Linton's tenure at Canopy Growth, which he founded in Smith Falls, Ontario, in 2013 came to an abrupt end in July after Canopy board members voted to oust him from his role as CEO as well as from the company's board. The decision came after a weak set of earnings from Canopy that prompted William Newlands, CEO of Canopy's largest shareholder Constellation Brands ($STZ), to say he was "not pleased" with the cannabis company's results. Canopy's next set of earnings weren't much better. Once analysts and investors got past the initial sticker shock of a $960 million loss, the company still reported sliding market share and slimming decelerating revenue.

But Linton shrugged off the latest results, arguing the stock's losses were partially seasonal, and top line misses were related to how young the cannabis industry still is. He added that much of Constellations' and others investors' disappointment ー both in him and in the company's latest earnings ー has to do with a misalignment of values.

"The cannabis space is filled with a bunch of companies that are growing really rapidly, but don't have positive cash flow. Ultimately there's always going to be a conflict if you are the big money company with 90-day mentality shareholders coming into the rapid growth company which has a 90-month plan. that's always going to be the fundamental difference of how do you make decisions," he said.

But he was grateful too, he said, in the support he's received since his departure.

"What I like is how many people who had reached out, who are shareholders, who are coworkers, and encouraged me not to leave the sector but find more things to do," he said.
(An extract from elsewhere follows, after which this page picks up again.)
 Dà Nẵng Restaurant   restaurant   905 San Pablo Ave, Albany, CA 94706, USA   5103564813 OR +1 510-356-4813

As for those other "things to do," Linton has been intentionally mysterious. He said he'll continue his work with two companies outside of the cannabis space, his startup Ruckify and Martello Technologies, and would wait until September to make any official announcement about his cannabis entanglements.
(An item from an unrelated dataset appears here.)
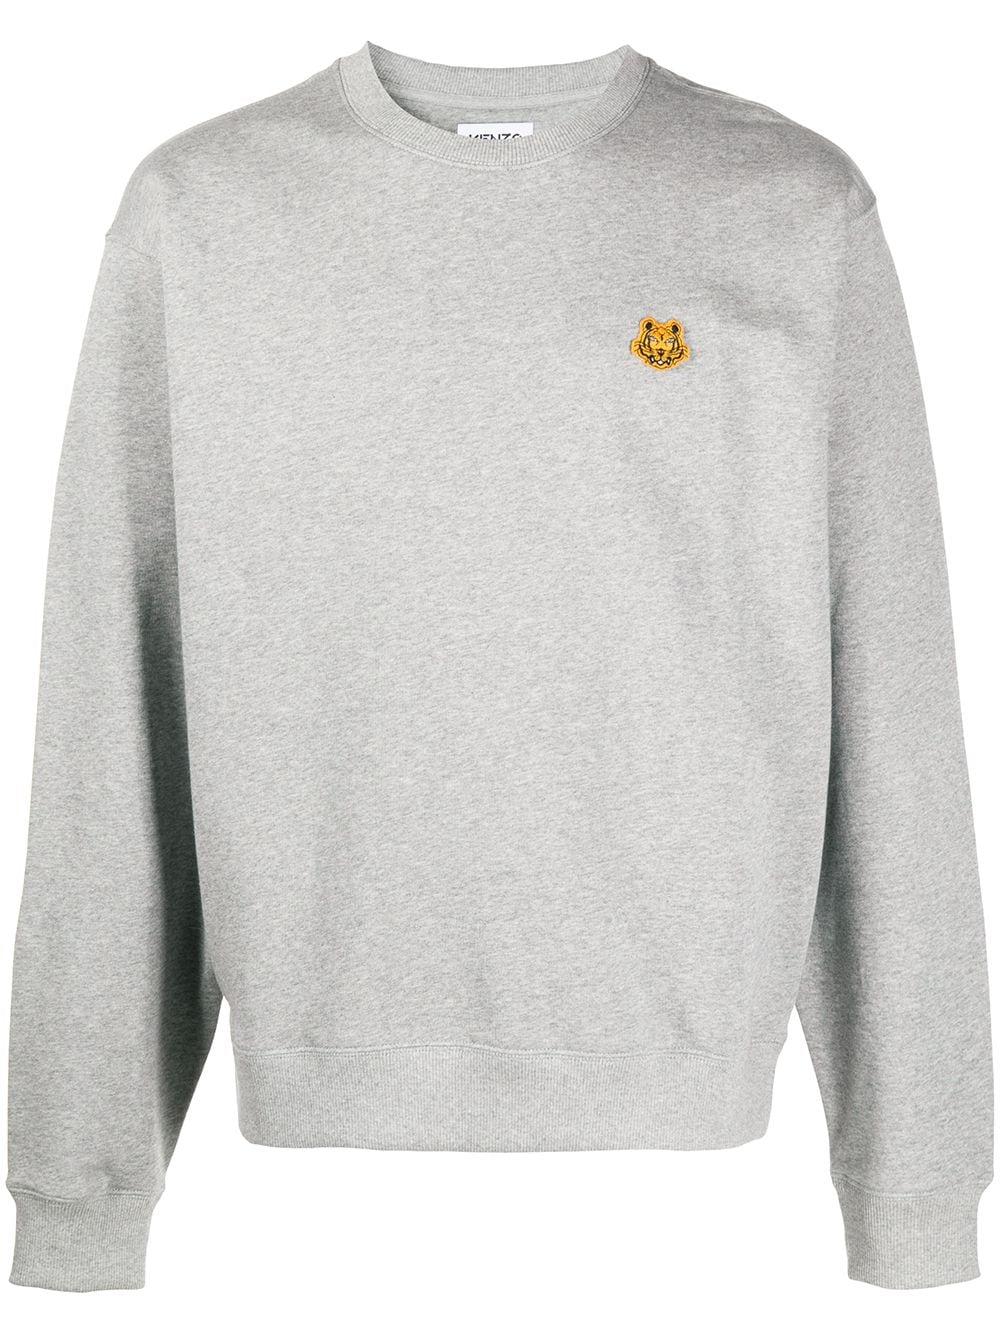 Kenzo Sweatshirt mit Tiger-Patch - Grau

Despite his evasiveness, Linton did offer some hints of what types of companies he would align himself with, like one global cannabis company, one company involving cannabis animal care, one U.S.-based multistate operator or single state operator, and one ancillary company, likely in media ー perhaps, he said, at an organization like "High Times," which he complimented for its "terrific" traffic and unique properties.

"I'm going to do three things minimum in the cannabis space, and it's simply because I've learned enough I think I can apply it faster this time," he said.